• **WHAT TO PRODUCE**
Transcribe the listing that follows in full, omitting pictures.

• **DATASET EXCERPT**
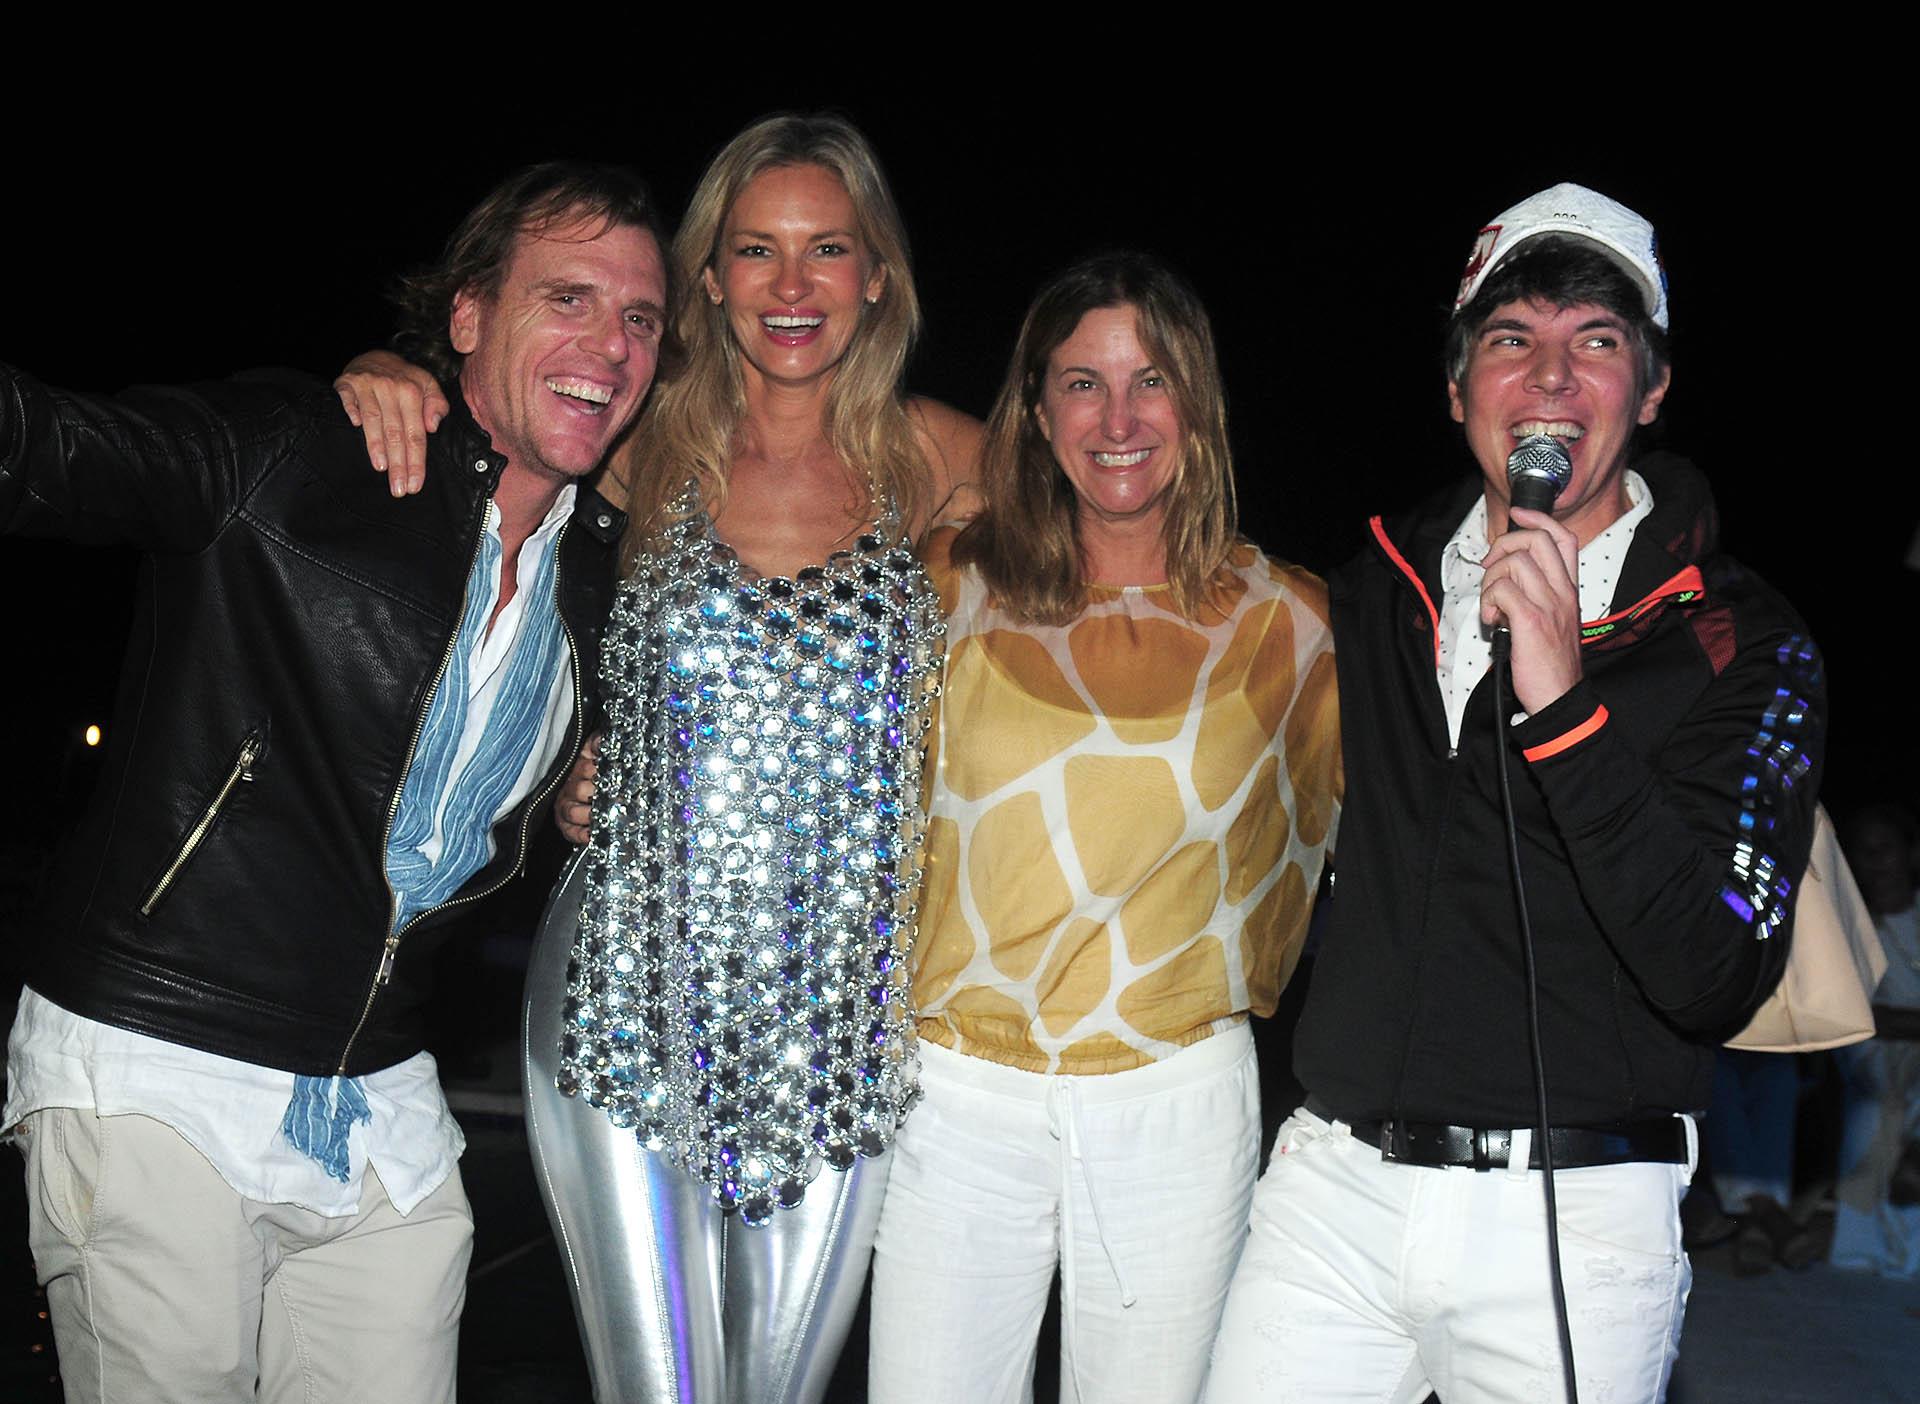 Francisco Pugliese y María Alfonso de Pugliese, quienes viajaron especialmente de Los Ángeles, junto a Lily Sciorra y Maxi Trusso
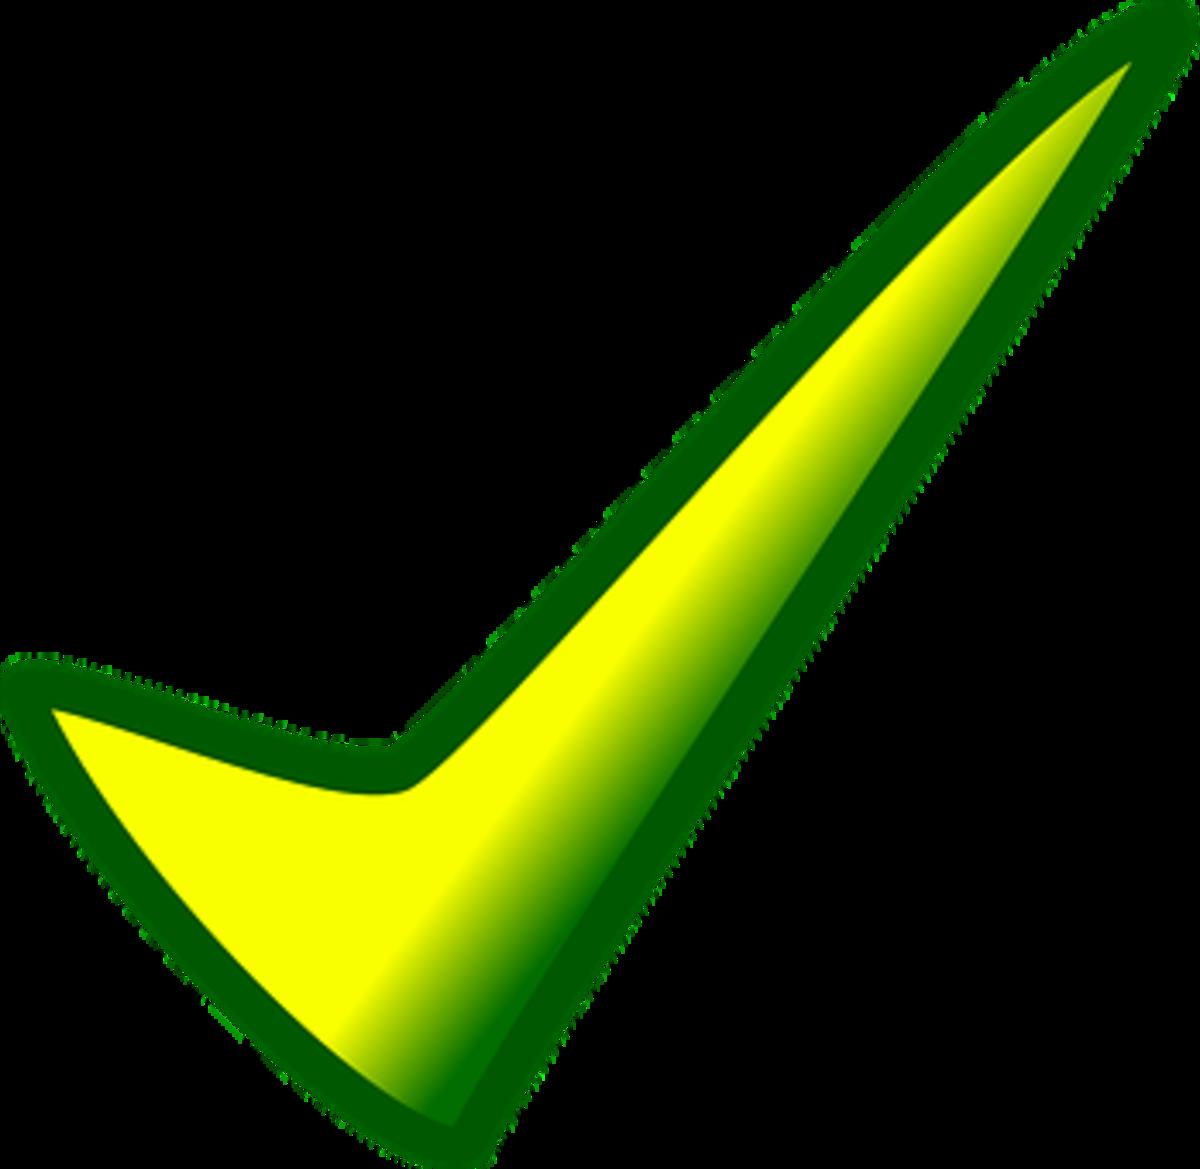 a check mark; a correct symbol
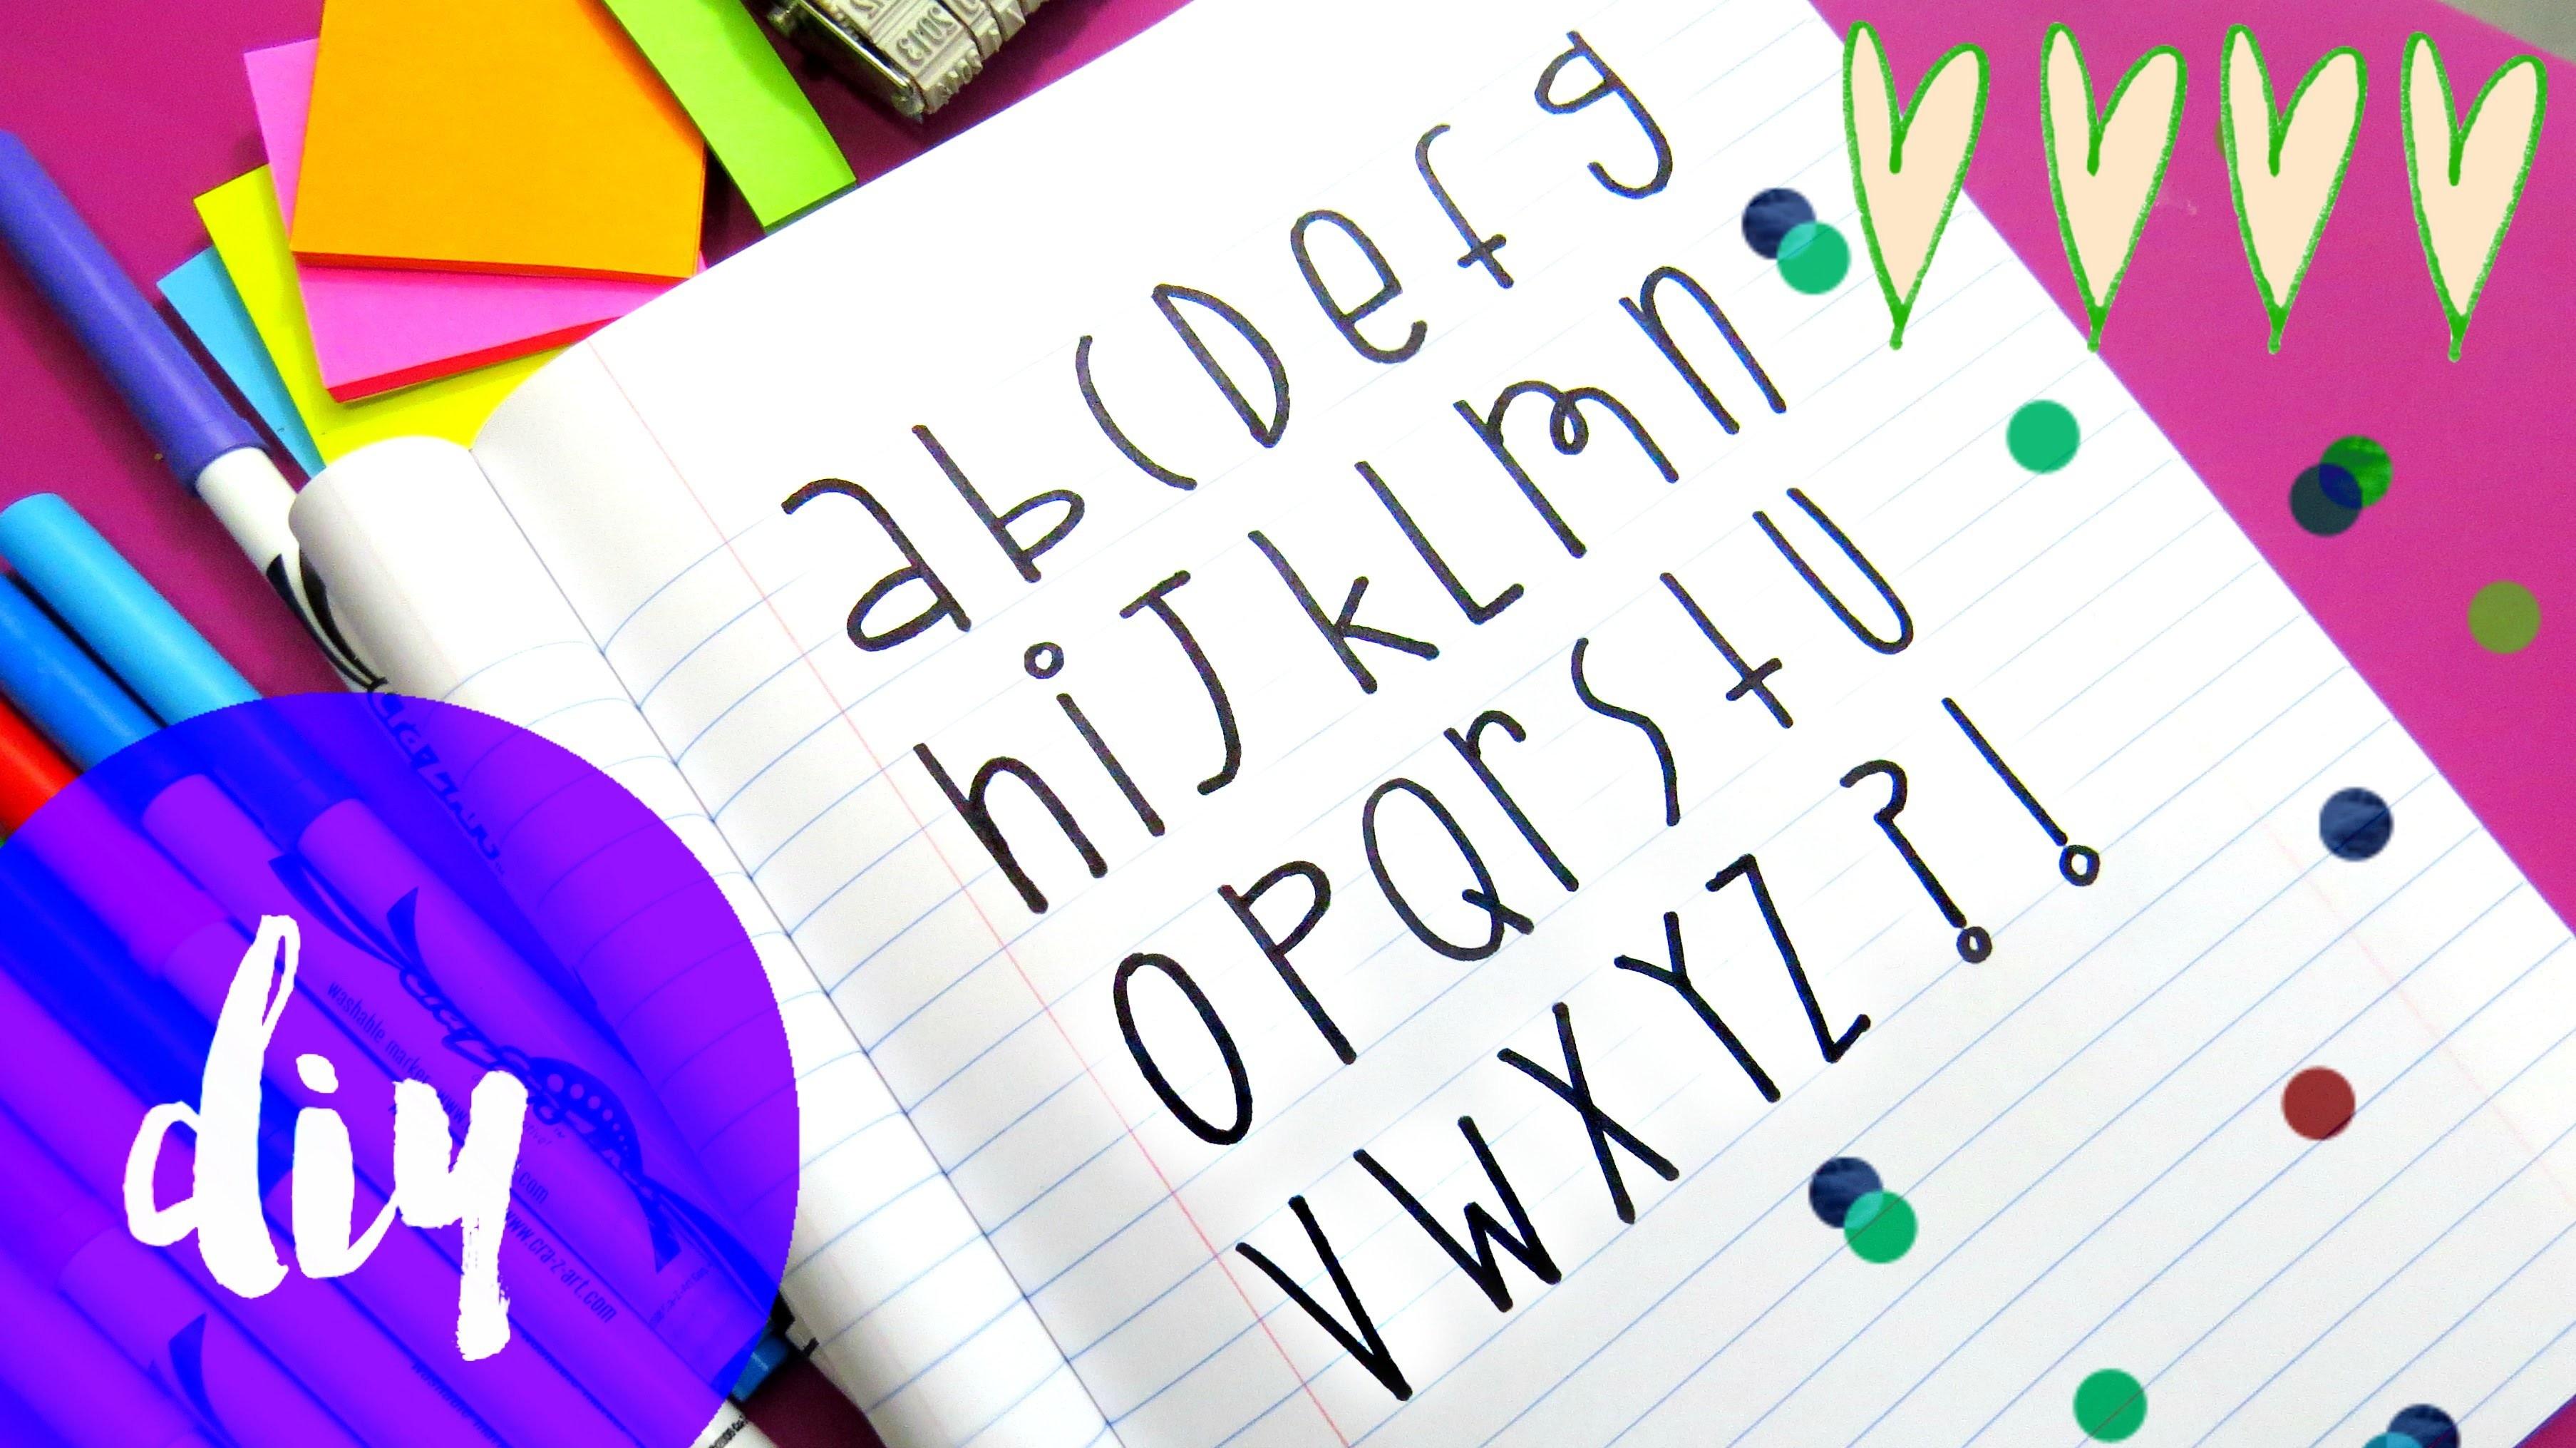 letras bonitas paso a paso 3

• **TASK RESULT**
 Francisco Pugliese y María Alfonso de Pugliese, quienes viajaron especialmente de Los Ángeles, junto a Lily Sciorra y Maxi Trusso
 a check mark; a correct symbol
 letras bonitas paso a paso 3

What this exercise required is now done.